Why You’ll Love This Recipe
- Quick and Easy: This recipe takes only 20 minutes from prep to plate, making it perfect for busy weeknights.
- Flavor Explosion: The combination of garlic salt, red pepper flakes, and parmesan cheese elevates the natural taste of Brussels sprouts.
- Healthy Side Dish: Low in carbs and high in fiber, this dish fits perfectly into keto meal plans while being nutritious.
- Versatile Pairing: Serve alongside chicken, beef, or turkey for a well-rounded meal that everyone will enjoy.

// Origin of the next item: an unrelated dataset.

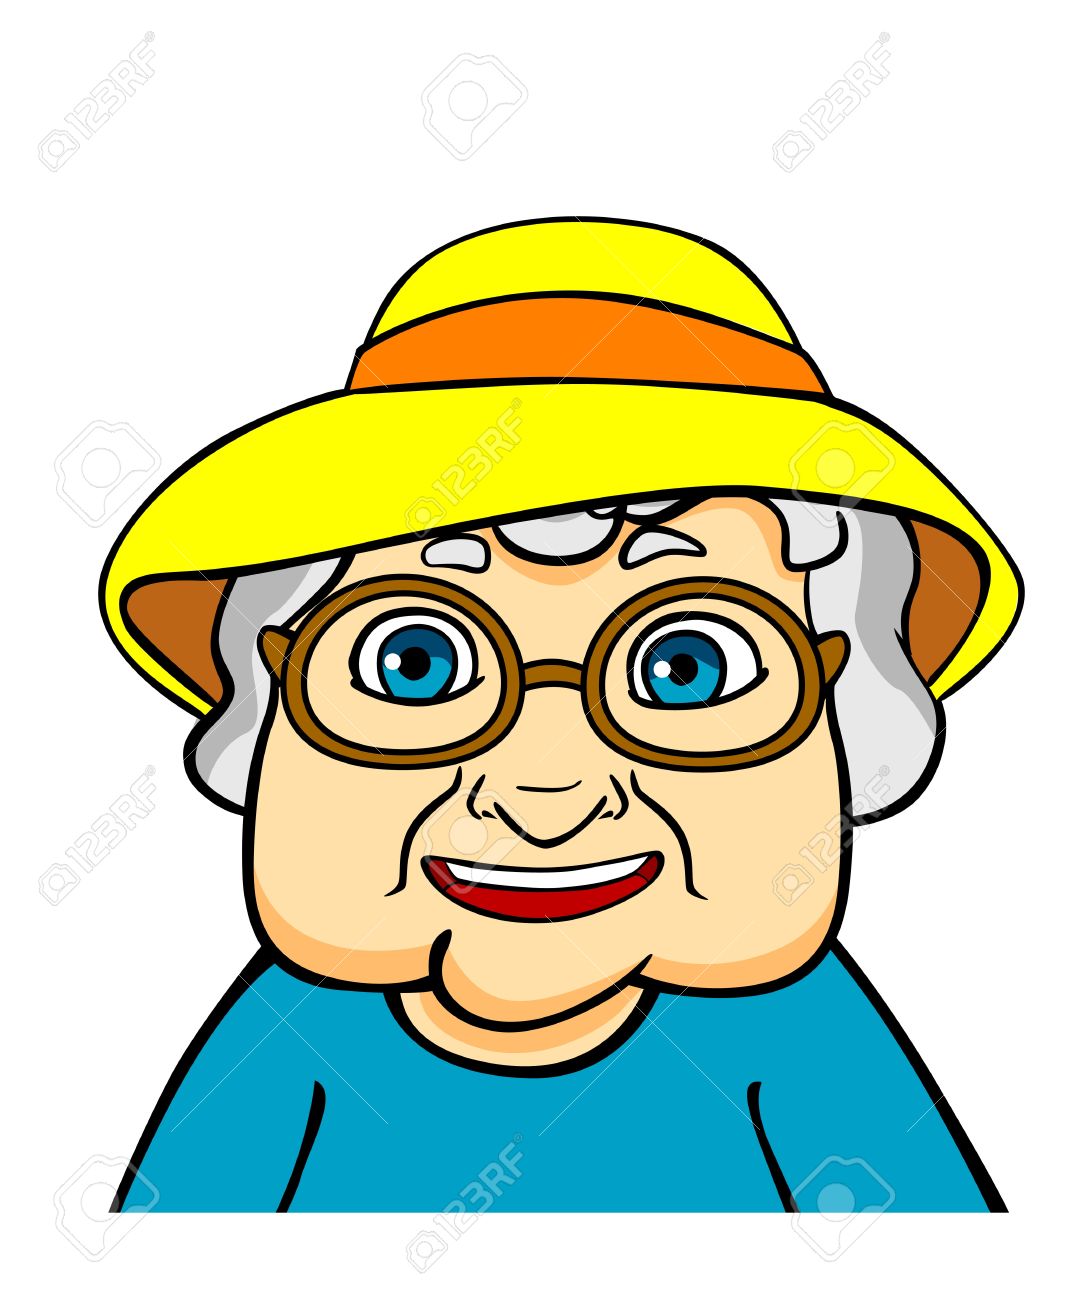 grandmother clipart face

- Visual Appeal: The vibrant colors of sautéed Brussels sprouts topped with melted cheese make this dish as beautiful as it is delicious.
Tools and Preparation
To whip up these delicious Keto Shredded Brussels Sprouts, you’ll need a few essential tools. Having the right equipment can make the cooking process smoother and more enjoyable.

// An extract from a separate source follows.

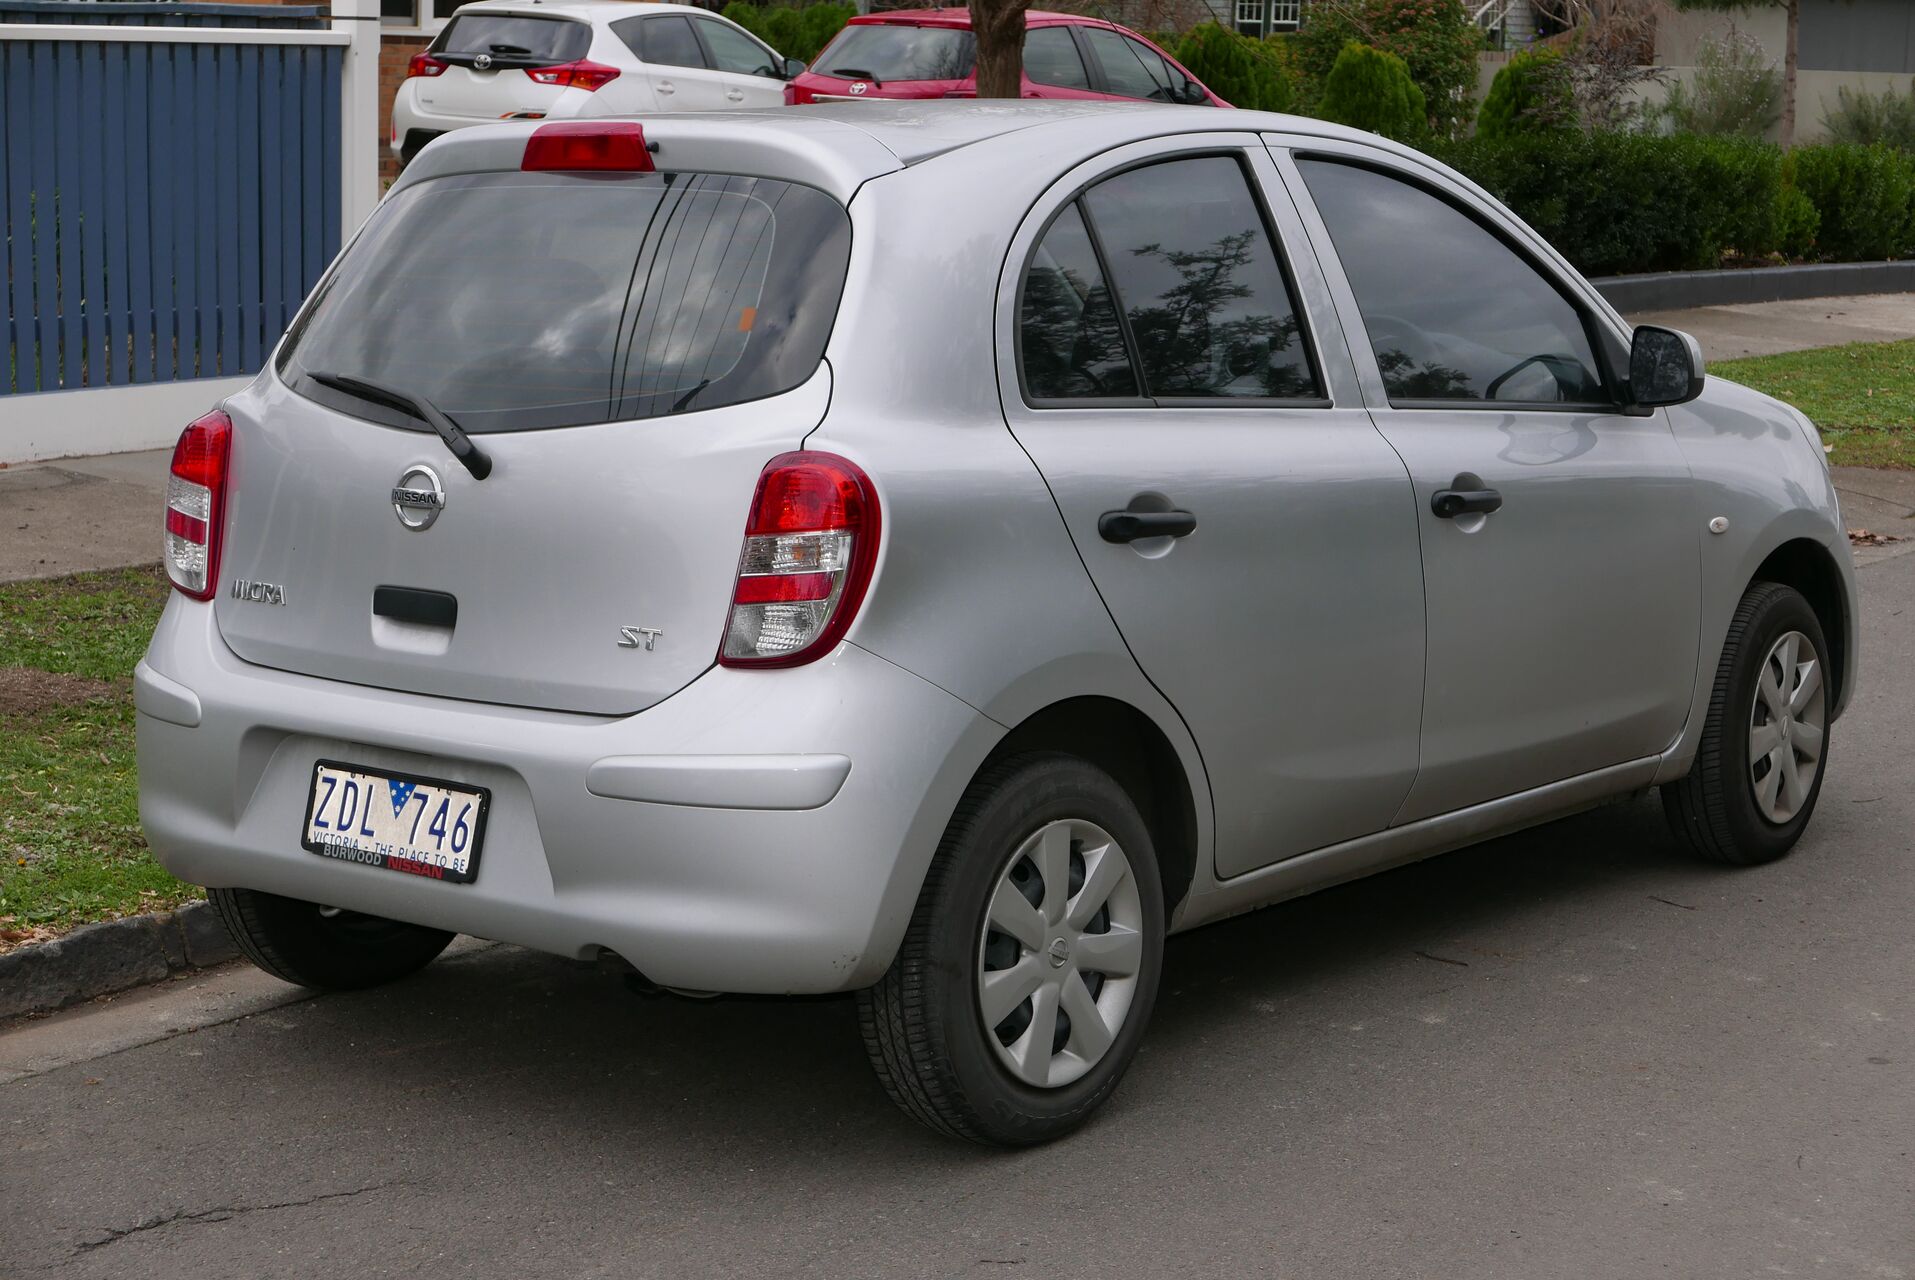 Nissan Micra (K13) 1.2 (80 Hp) 2010 - 2013 Specs and Technical

Essential Tools and Equipment
- Food processor or sharp knife
- Large skillet
- Measuring spoons
- Spatula
Importance of Each Tool
- Food processor or sharp knife: A food processor helps quickly shred the Brussels sprouts, saving you time in preparation. If using a knife, ensure it’s sharp for clean cuts.
- Large skillet: A spacious skillet allows for even cooking without overcrowding the vegetables.
- Measuring spoons: Accurate measurements ensure balanced flavors in your dish.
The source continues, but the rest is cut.